* _About this exercise_
Transcribe all data verbatim. Skip the pictures.

START Recorded data

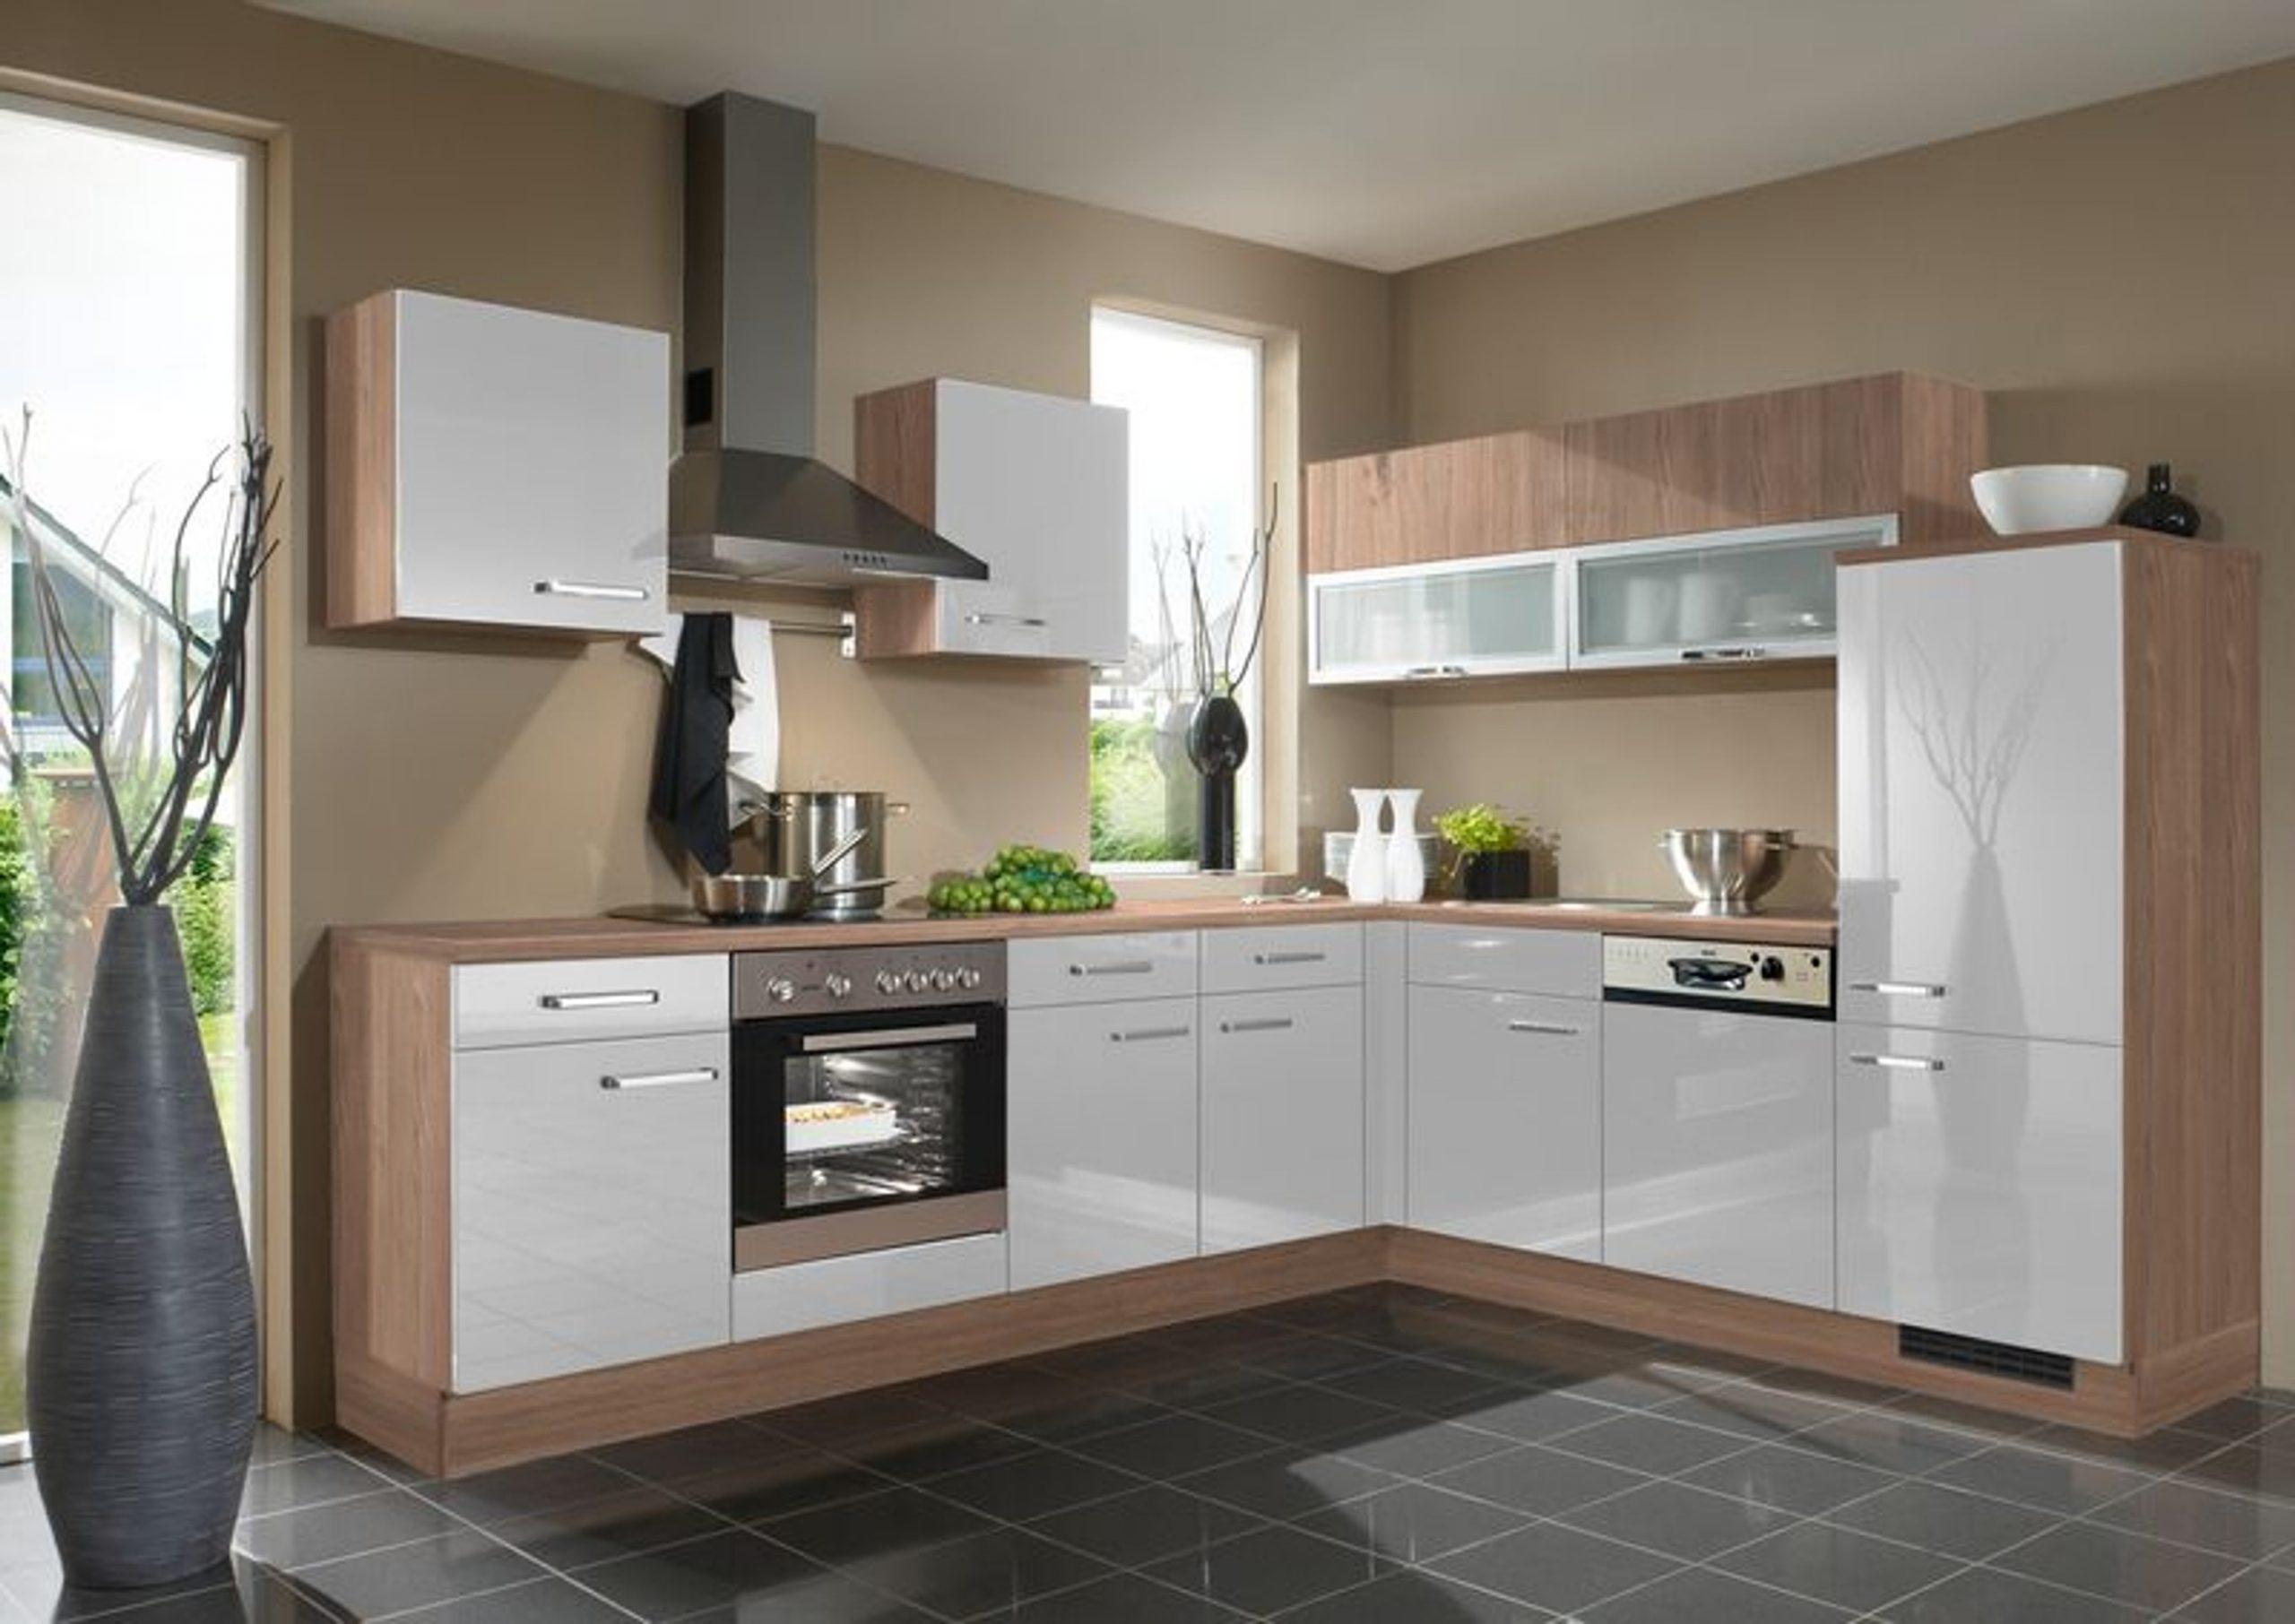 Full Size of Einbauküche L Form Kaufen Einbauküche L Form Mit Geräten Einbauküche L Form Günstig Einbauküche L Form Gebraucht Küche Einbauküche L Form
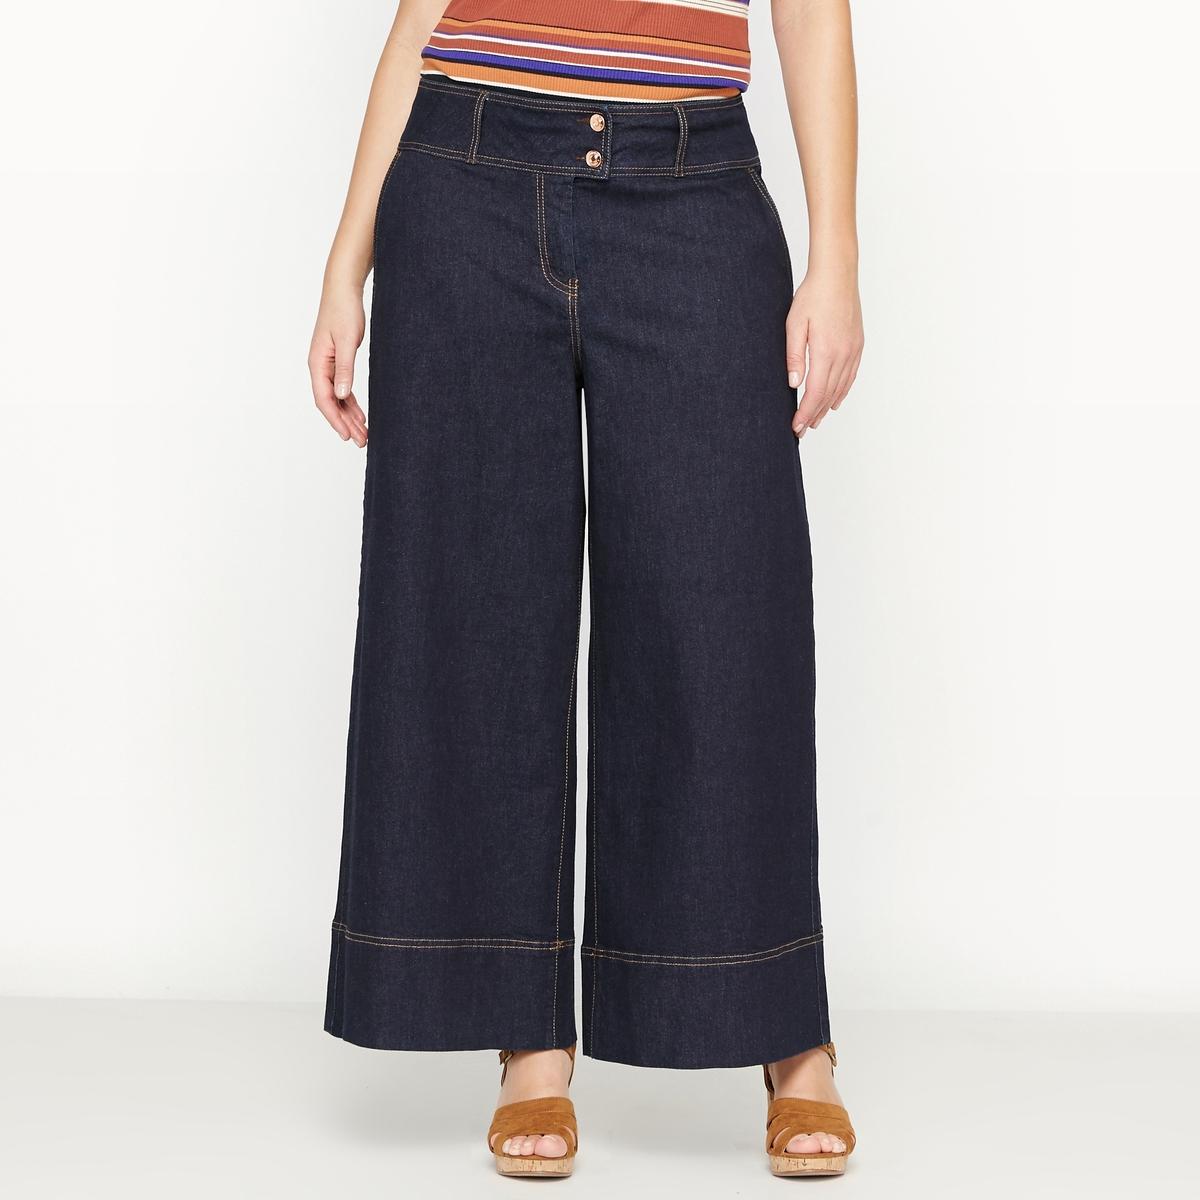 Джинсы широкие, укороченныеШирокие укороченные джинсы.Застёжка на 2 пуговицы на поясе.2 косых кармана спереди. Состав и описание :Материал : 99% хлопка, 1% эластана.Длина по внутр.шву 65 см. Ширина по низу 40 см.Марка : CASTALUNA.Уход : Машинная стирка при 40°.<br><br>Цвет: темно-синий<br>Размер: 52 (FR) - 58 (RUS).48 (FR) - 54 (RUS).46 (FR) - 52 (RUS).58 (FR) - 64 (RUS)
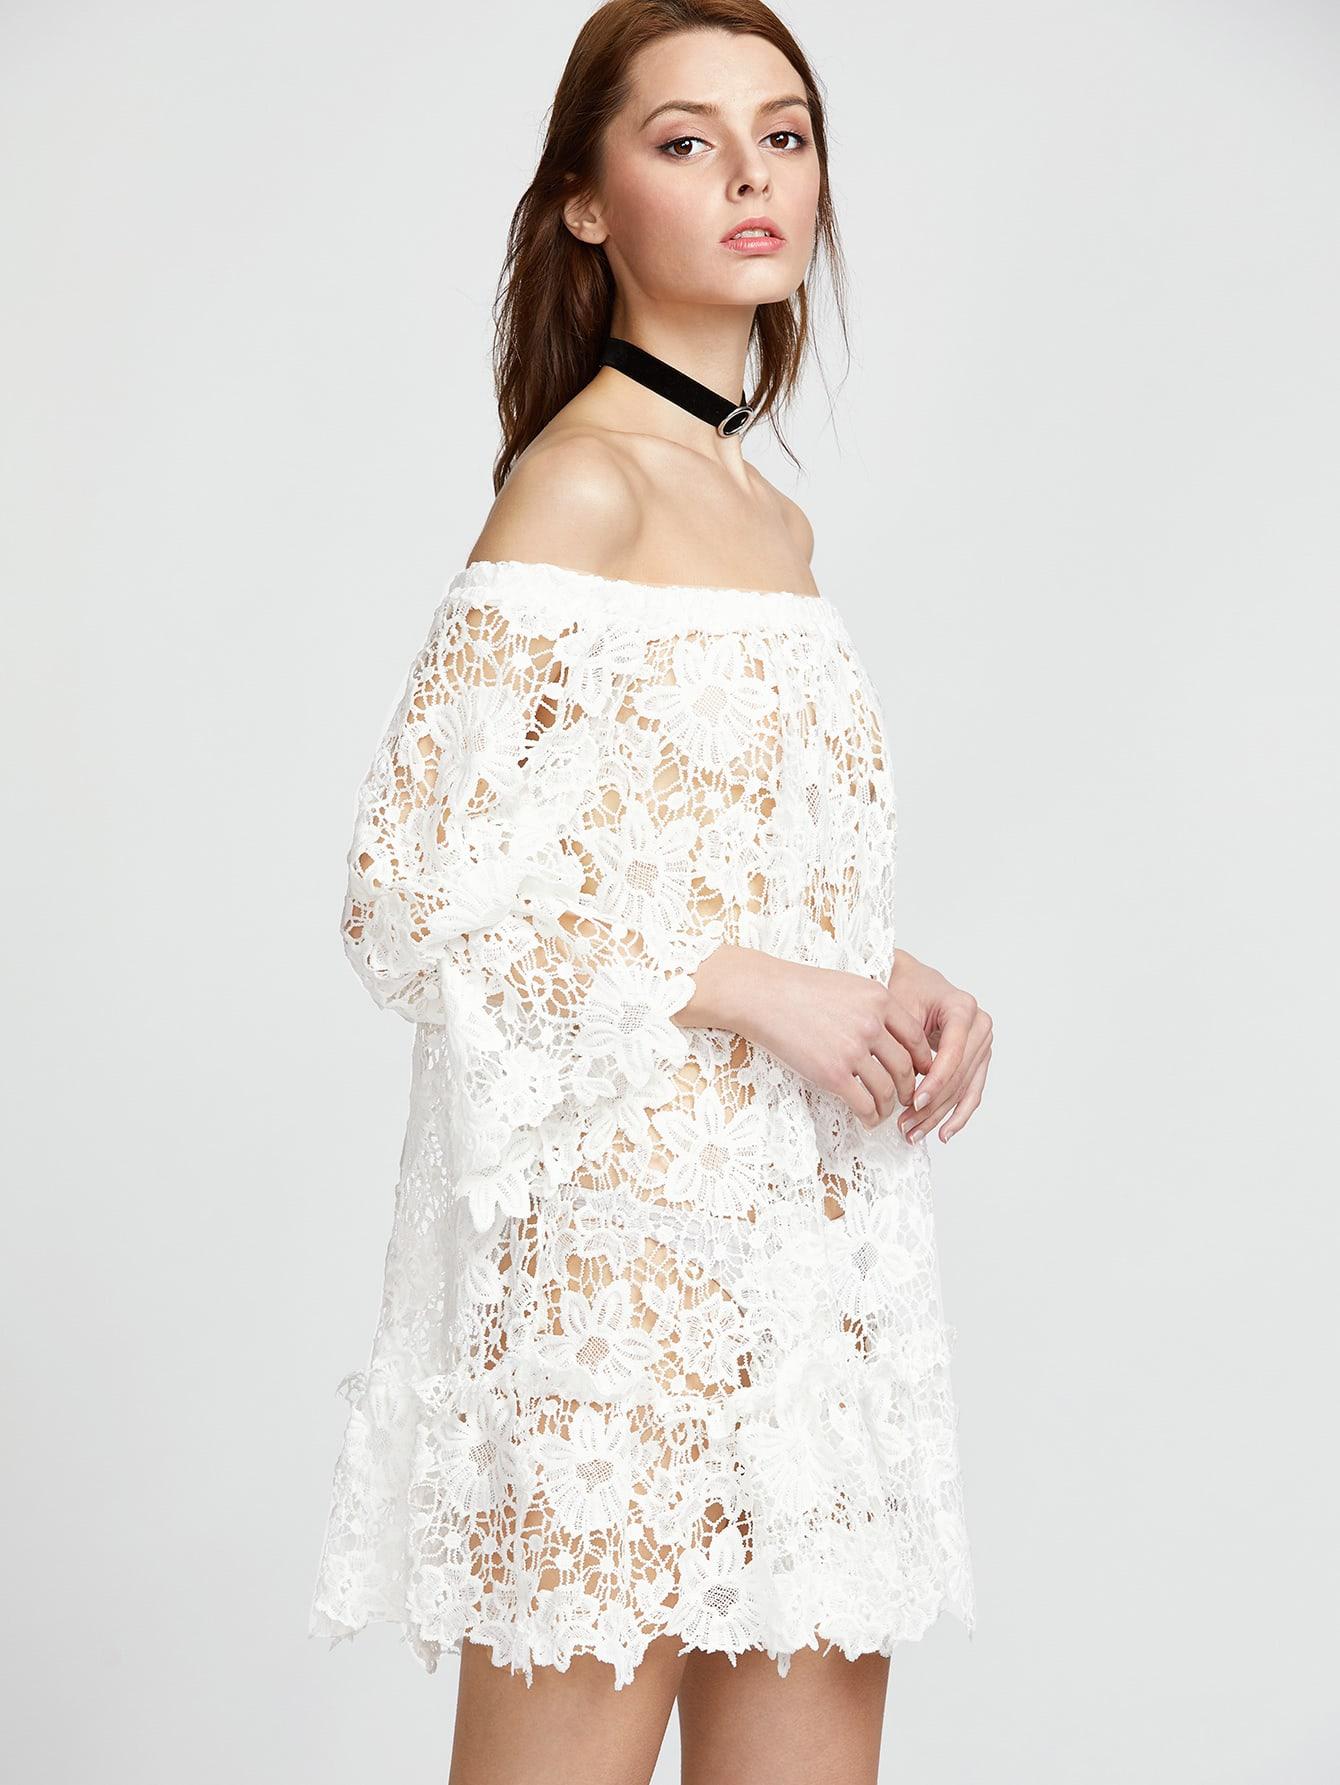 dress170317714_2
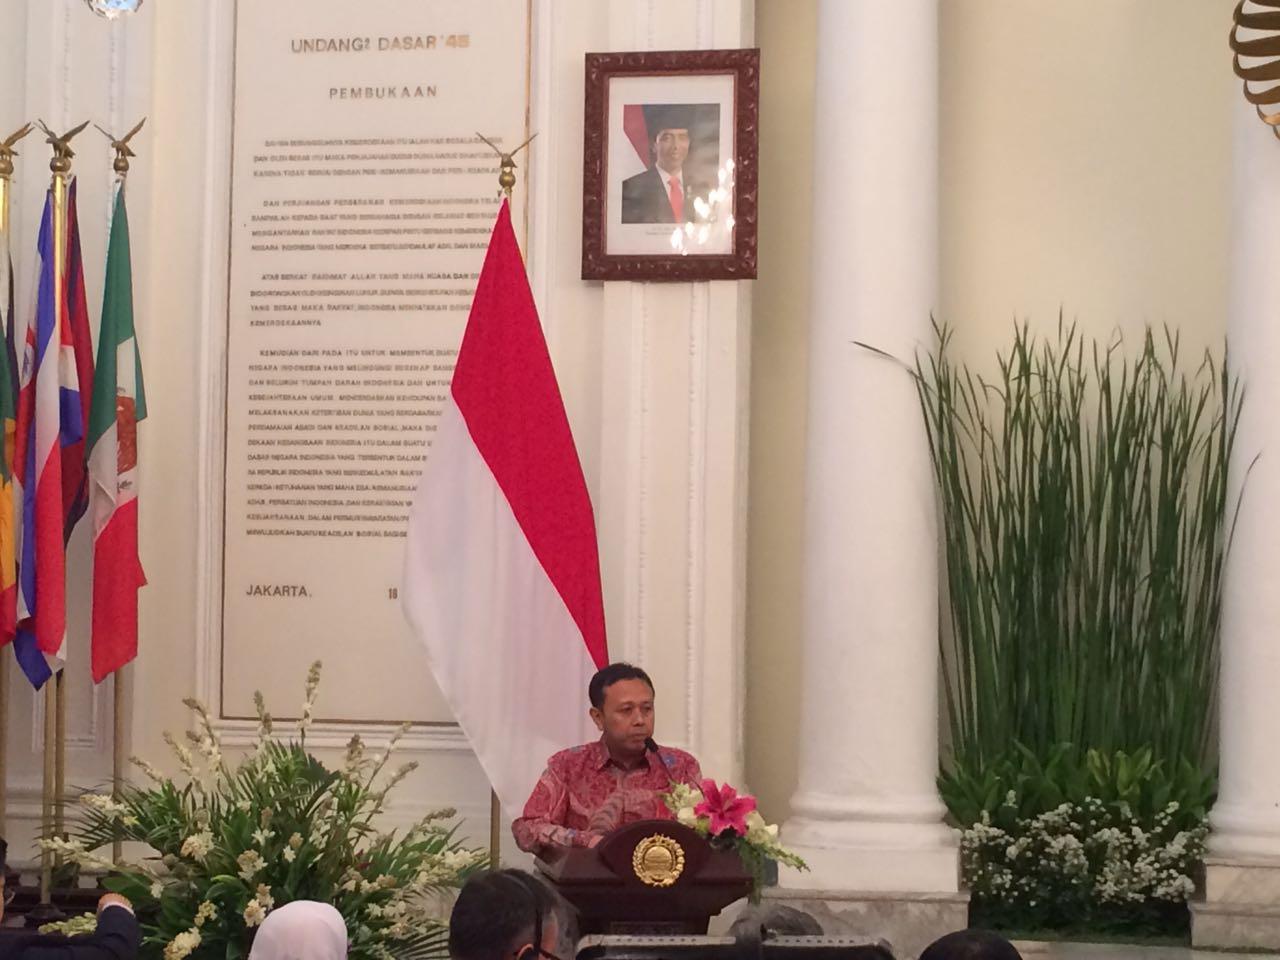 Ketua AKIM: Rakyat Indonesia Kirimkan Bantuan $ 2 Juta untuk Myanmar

END Recorded data

* _Task output_
 Full Size of Einbauküche L Form Kaufen Einbauküche L Form Mit Geräten Einbauküche L Form Günstig Einbauküche L Form Gebraucht Küche Einbauküche L Form
 Джинсы широкие, укороченныеШирокие укороченные джинсы.Застёжка на 2 пуговицы на поясе.2 косых кармана спереди. Состав и описание :Материал : 99% хлопка, 1% эластана.Длина по внутр.шву 65 см. Ширина по низу 40 см.Марка : CASTALUNA.Уход : Машинная стирка при 40°.<br><br>Цвет: темно-синий<br>Размер: 52 (FR) - 58 (RUS).48 (FR) - 54 (RUS).46 (FR) - 52 (RUS).58 (FR) - 64 (RUS)
 dress170317714_2
 Ketua AKIM: Rakyat Indonesia Kirimkan Bantuan $ 2 Juta untuk Myanmar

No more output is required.